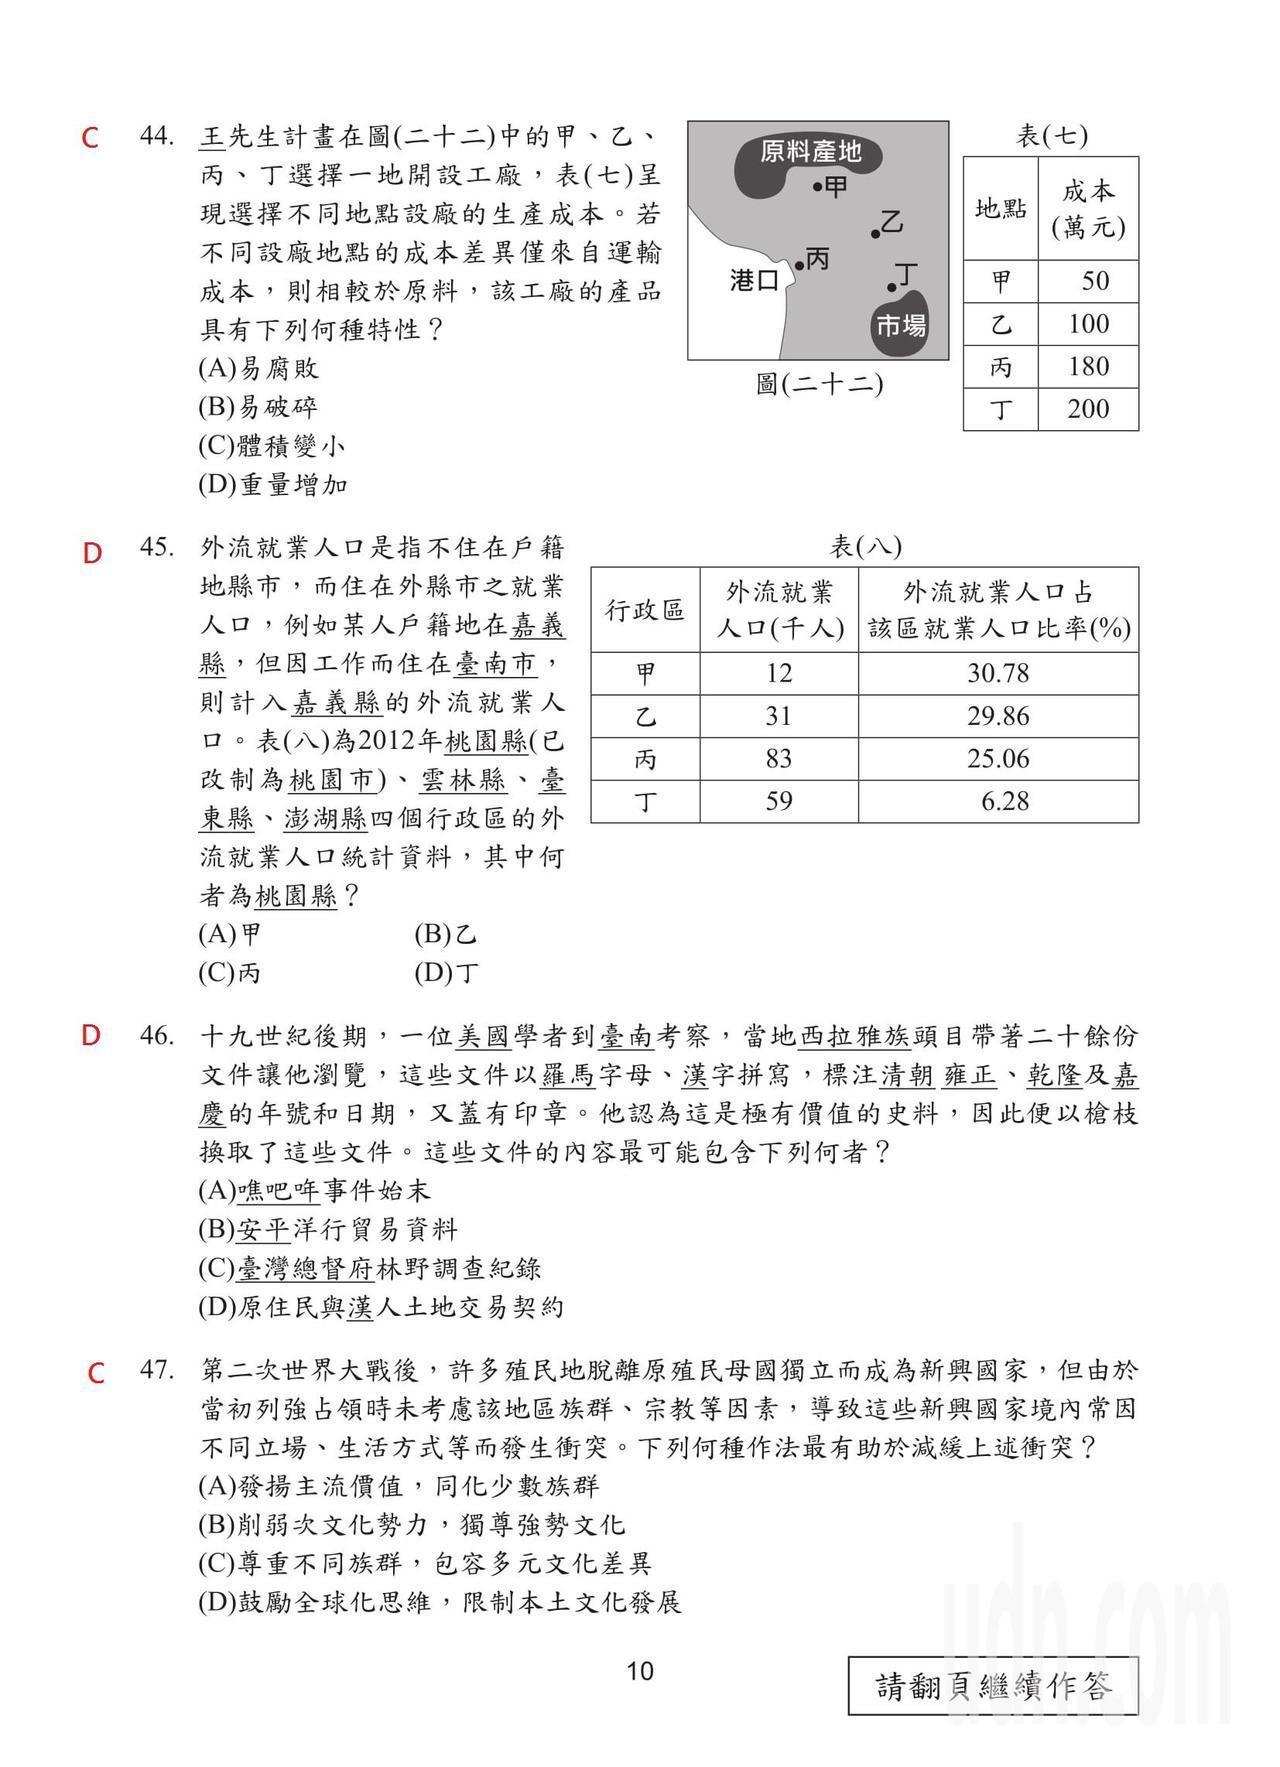 108國中會考社會科試題解答,第10頁。
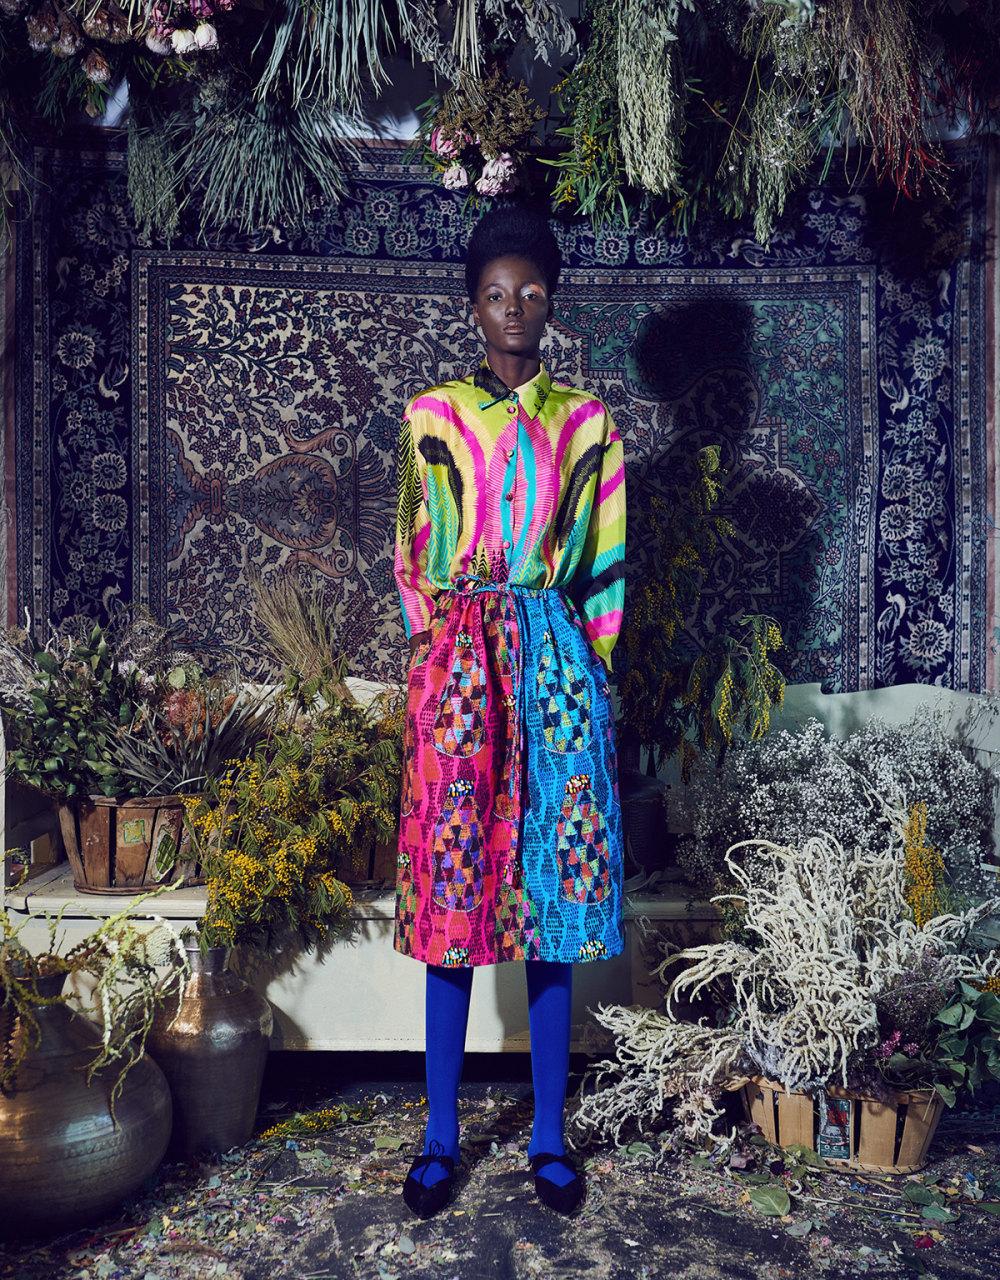 Rianna+Nina时装系列定制的夹克和金属光泽的七分裤定义未来主义-13.jpg
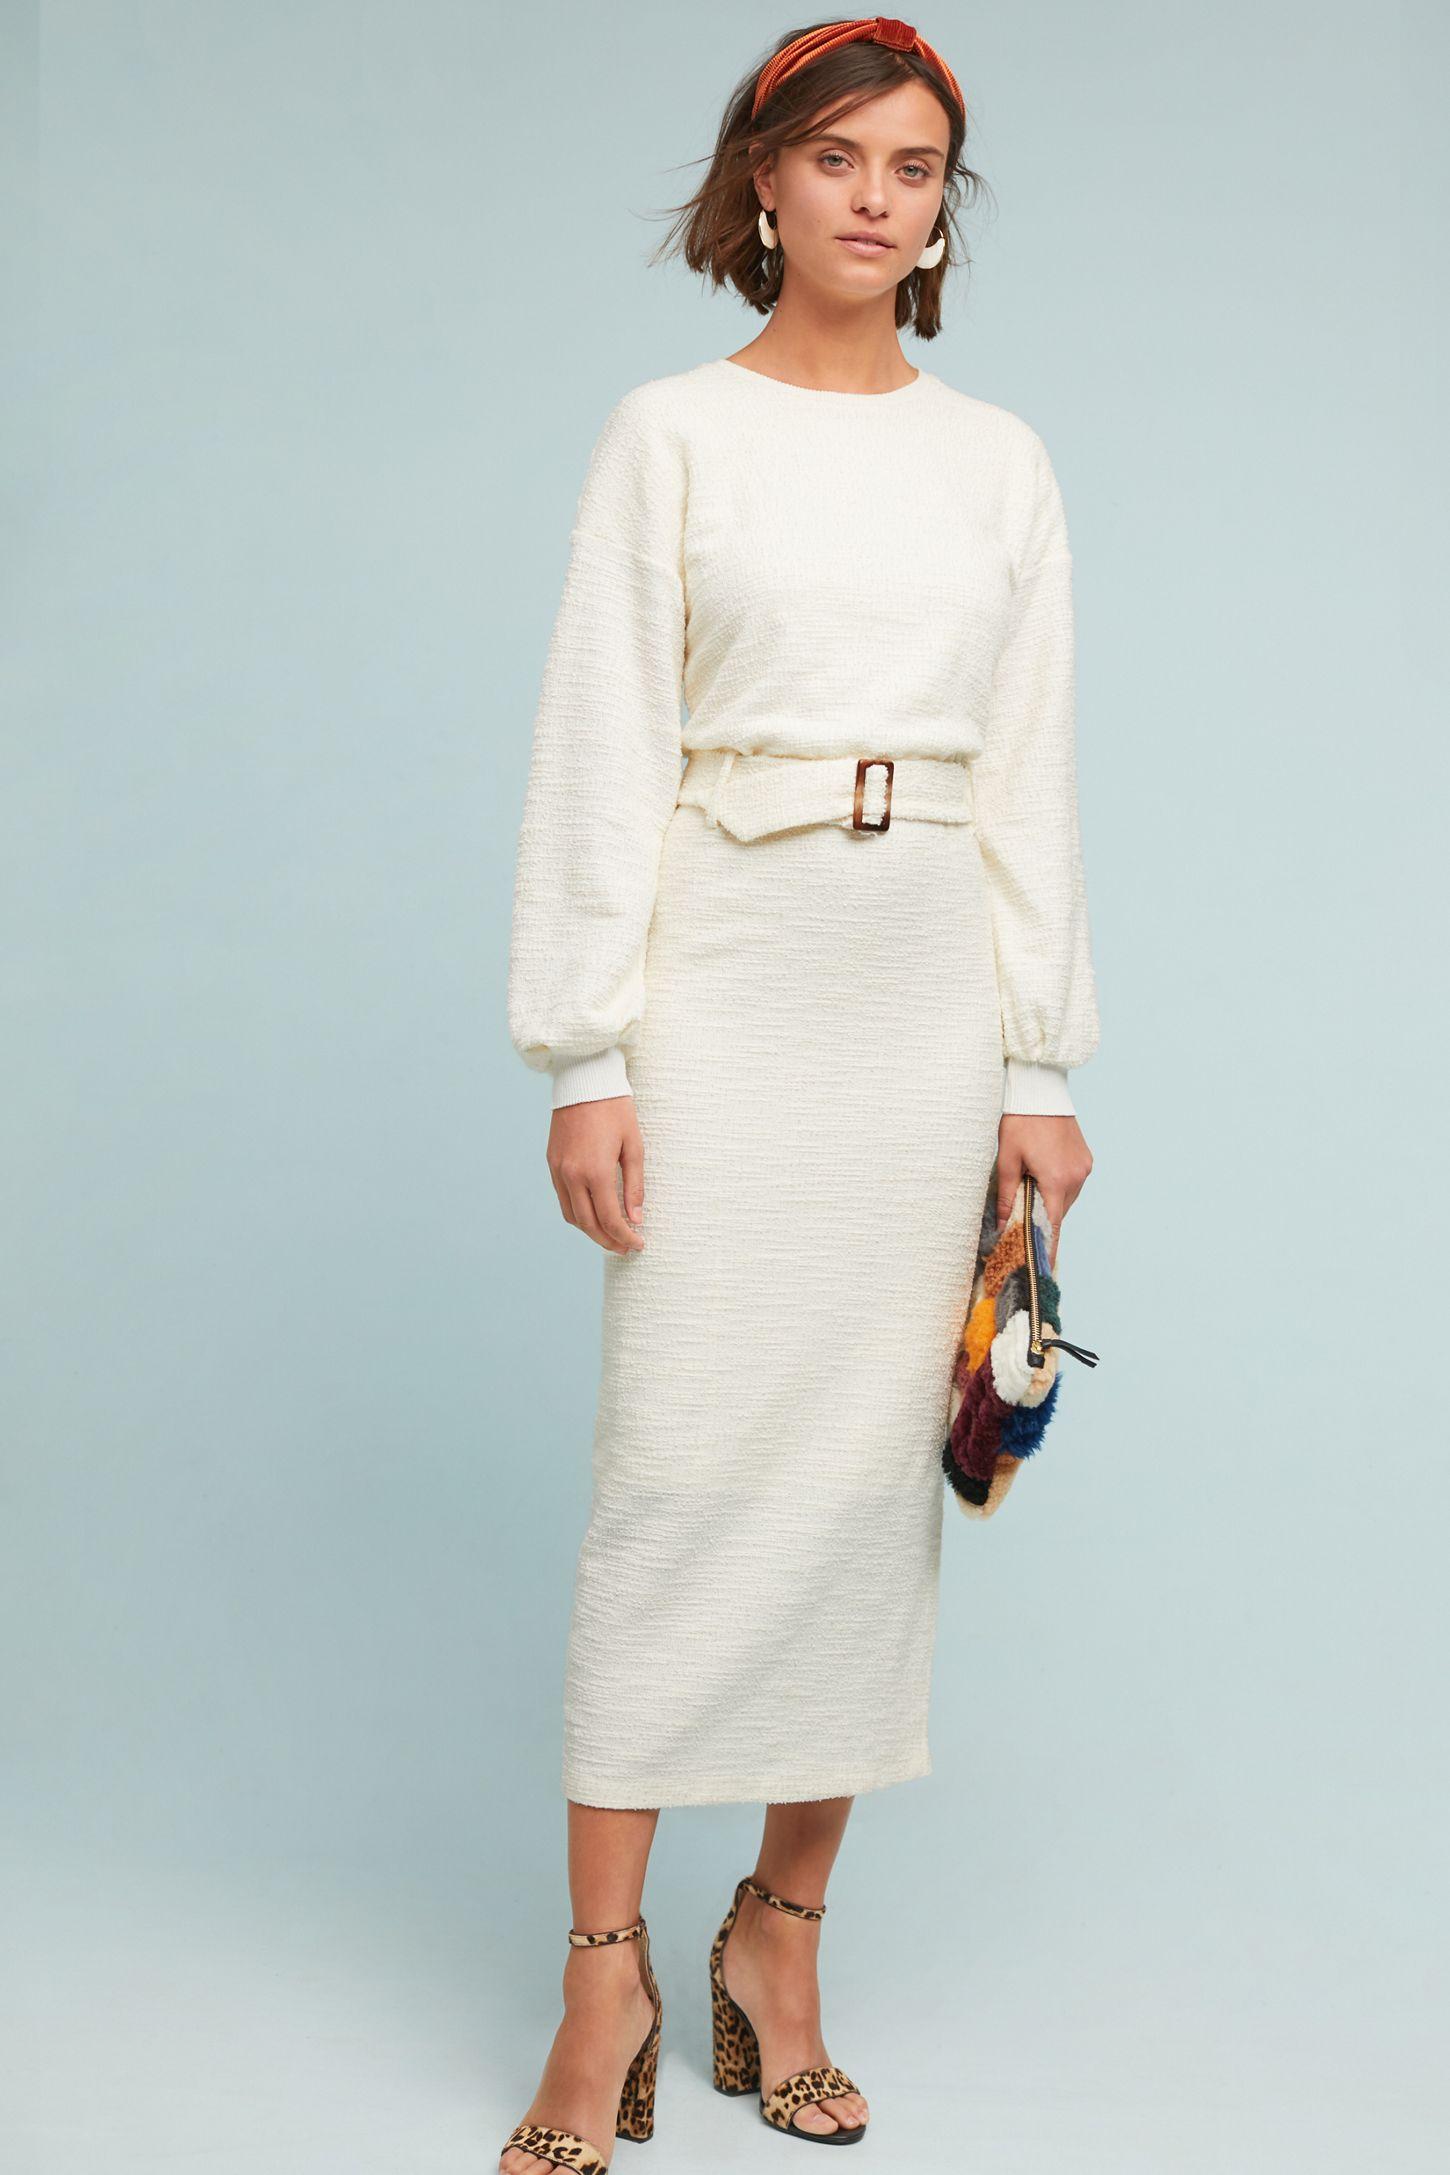 c7a1840d1ce Jacqueline Belted Dress

__WORK REQUEST__. Could the material above be given again exactly, pictures excluded?

__TASK SOLUTION__.
 108國中會考社會科試題解答,第10頁。
 Rianna+Nina时装系列定制的夹克和金属光泽的七分裤定义未来主义-13.jpg
 c7a1840d1ce Jacqueline Belted Dress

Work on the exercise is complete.